**INPUT DATA:**
------------

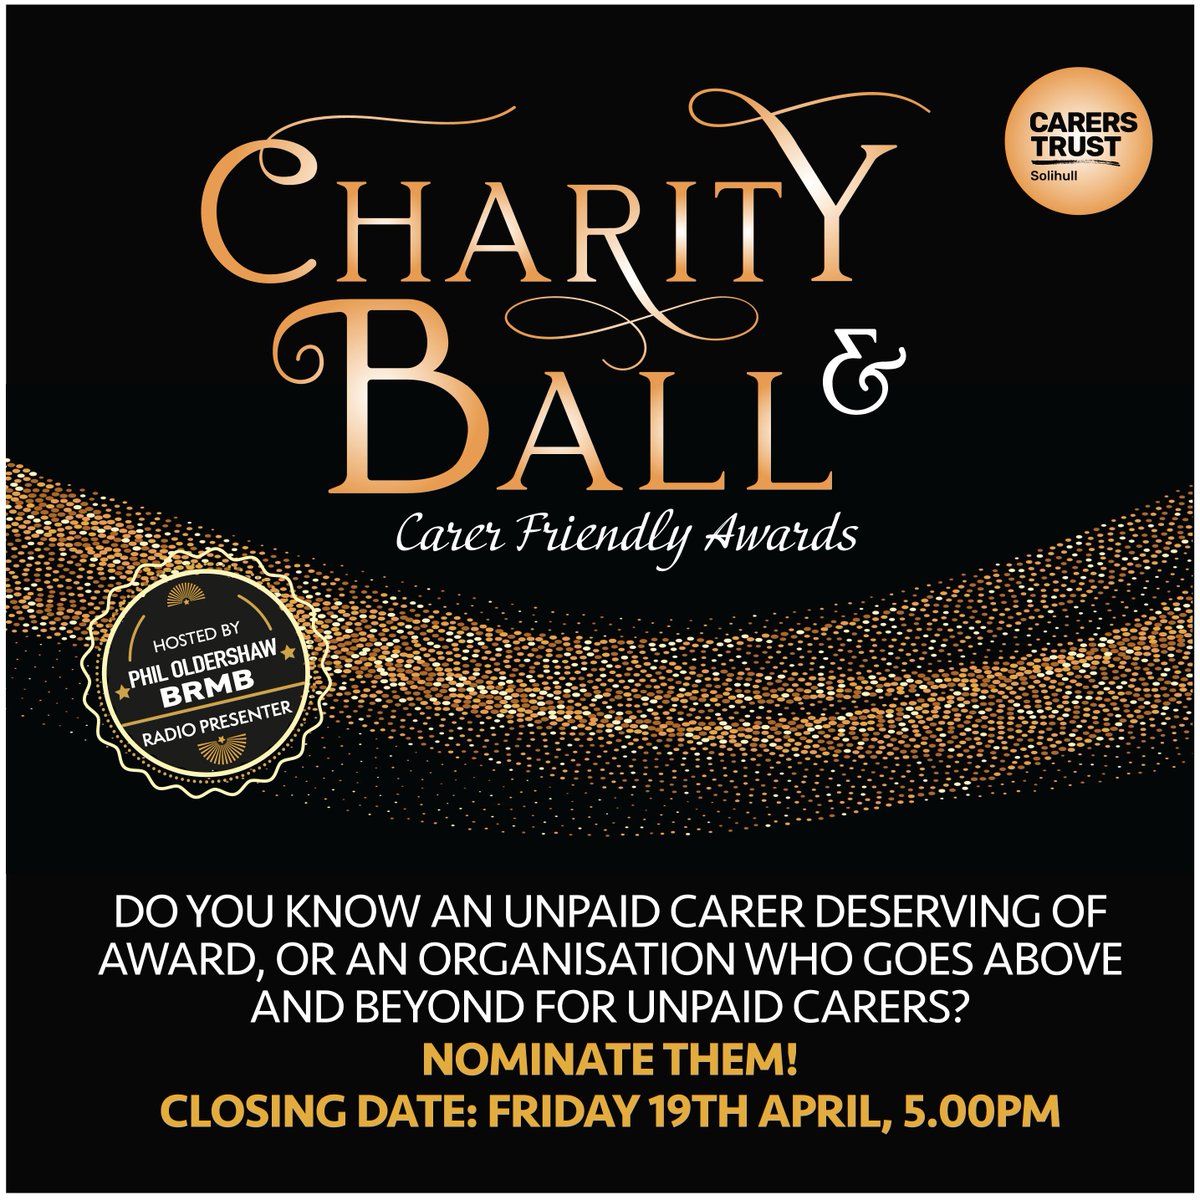 Our Charity Ball & Carer Friendly Awards are back! We aim to celebrate & appreciate those who often feel they go unnoticed: #unpaidcarers Make your nominations and find out how else you can support here: buff.ly/3IzqJis @SolihullCouncil @CarersTrust #carers #Solihull
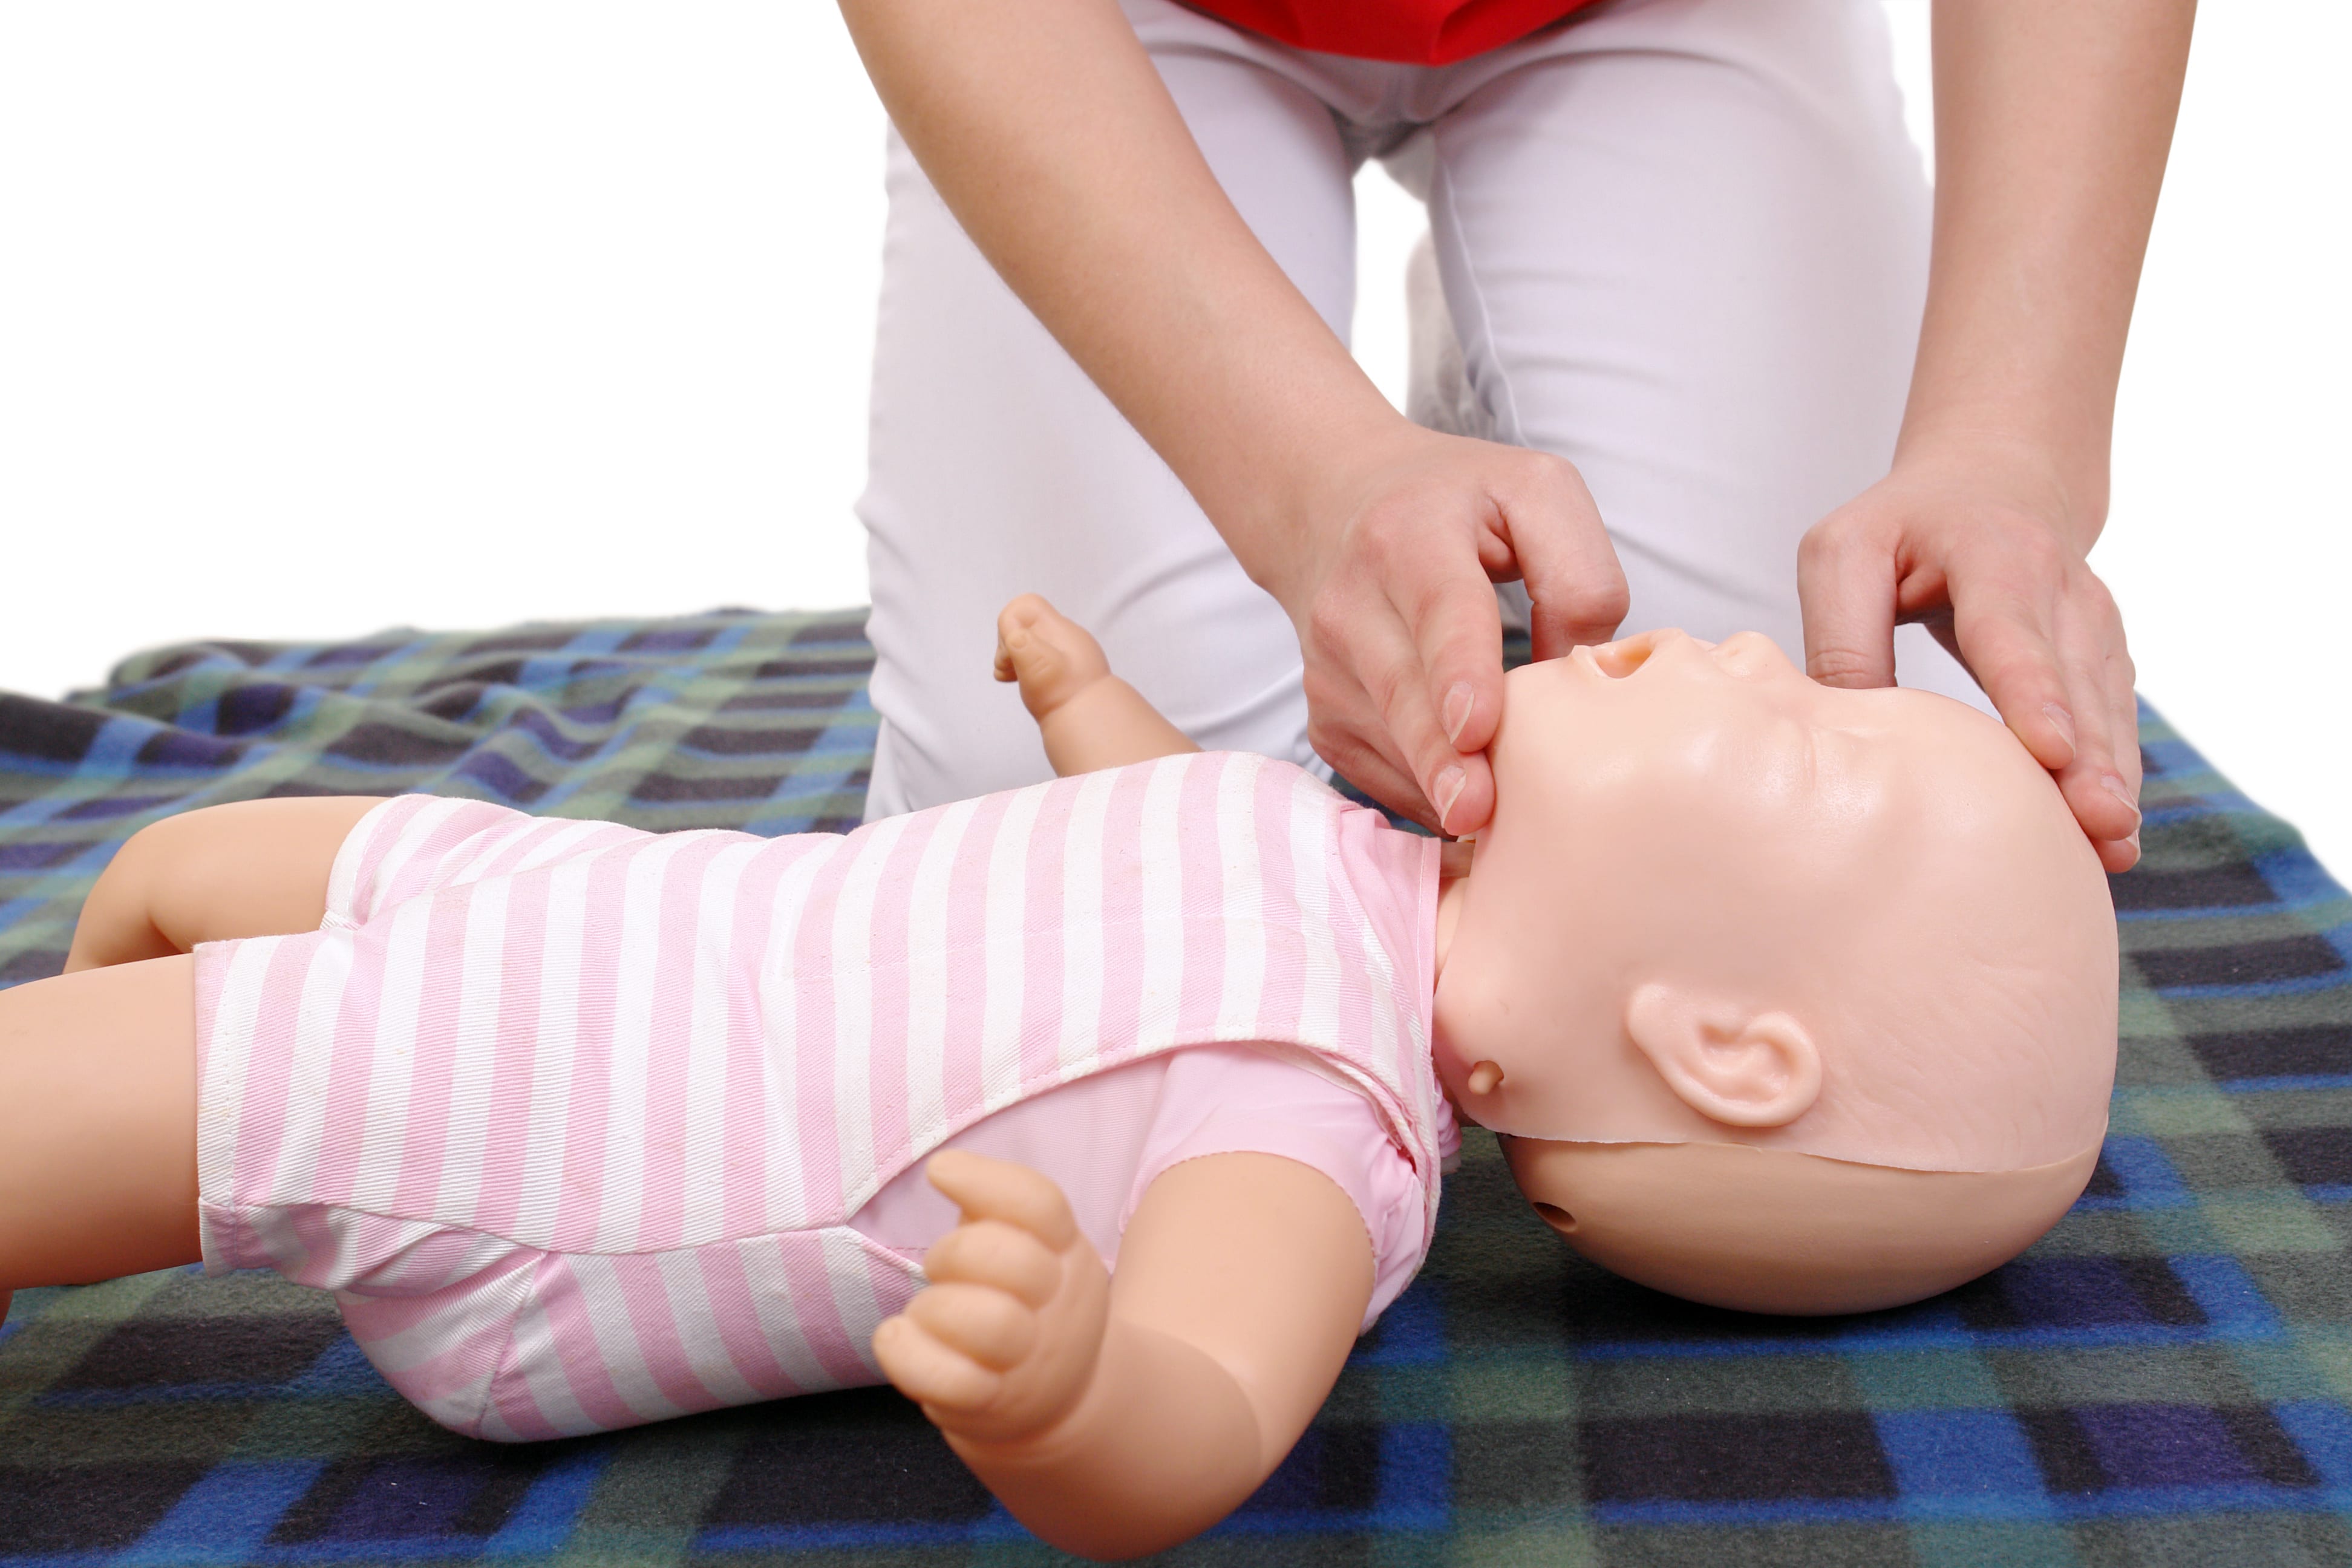 Infant dummy first aid demonstration series - First aid instructor showing how to position infant head before proceeding to mouth-to-mouth resuscitation
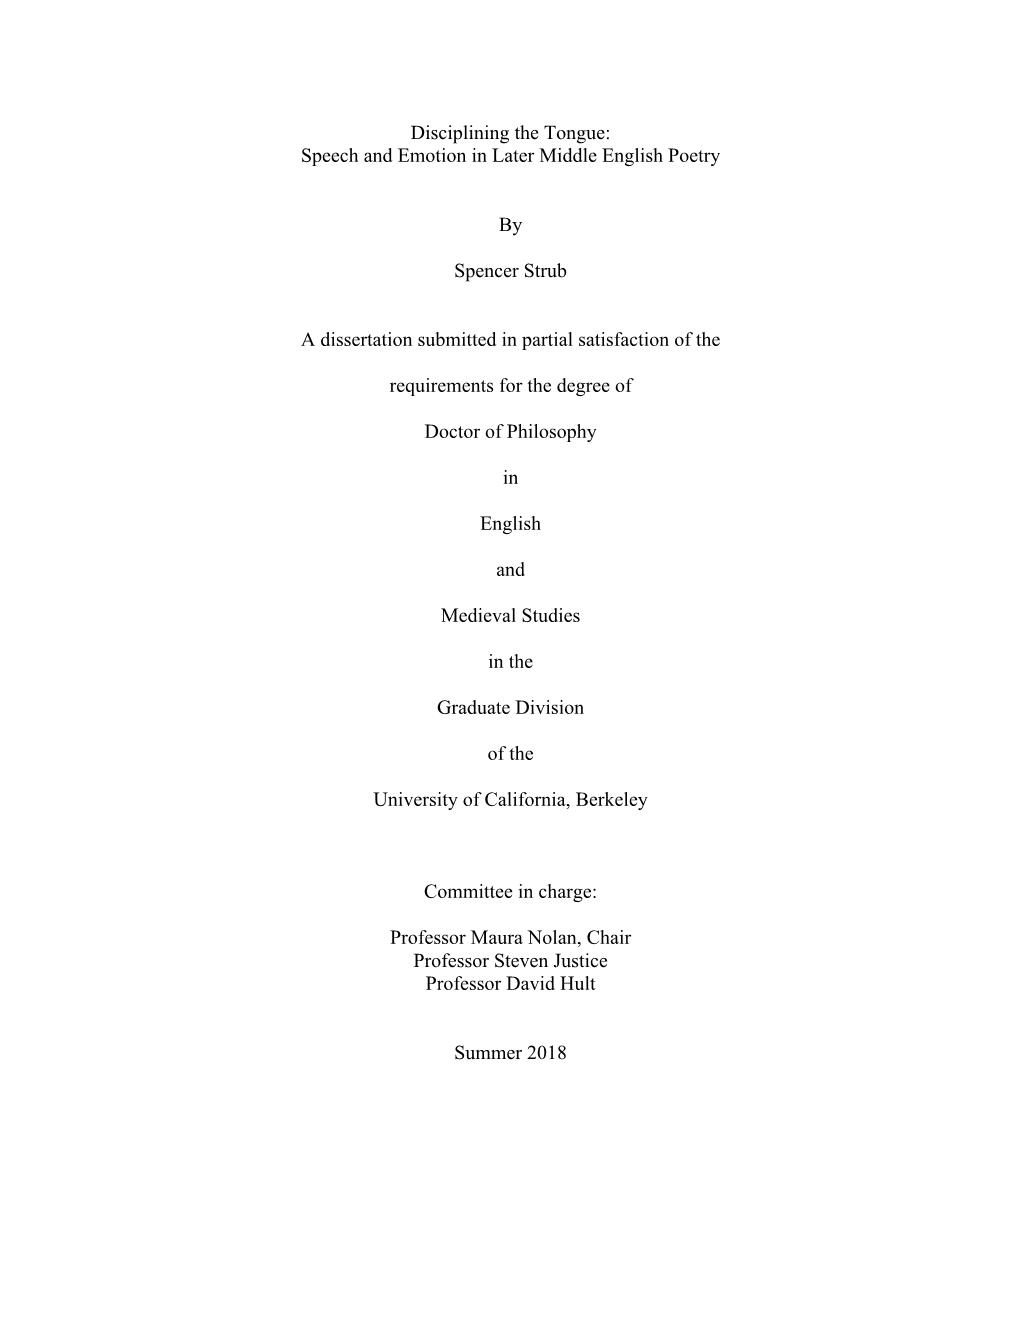 Disciplining the Tongue: Speech and Emotion in Later Middle English Poetry by Spencer Strub a Dissertation Submitted in Partial

------------

**EXERCISE REQUIREMENTS:**
Return a verbatim transcription of the data, omitting all images.

**ANSWER:**
 Our Charity Ball & Carer Friendly Awards are back! We aim to celebrate & appreciate those who often feel they go unnoticed: #unpaidcarers Make your nominations and find out how else you can support here: buff.ly/3IzqJis @SolihullCouncil @CarersTrust #carers #Solihull
 Infant dummy first aid demonstration series - First aid instructor showing how to position infant head before proceeding to mouth-to-mouth resuscitation
 Disciplining the Tongue: Speech and Emotion in Later Middle English Poetry by Spencer Strub a Dissertation Submitted in Partial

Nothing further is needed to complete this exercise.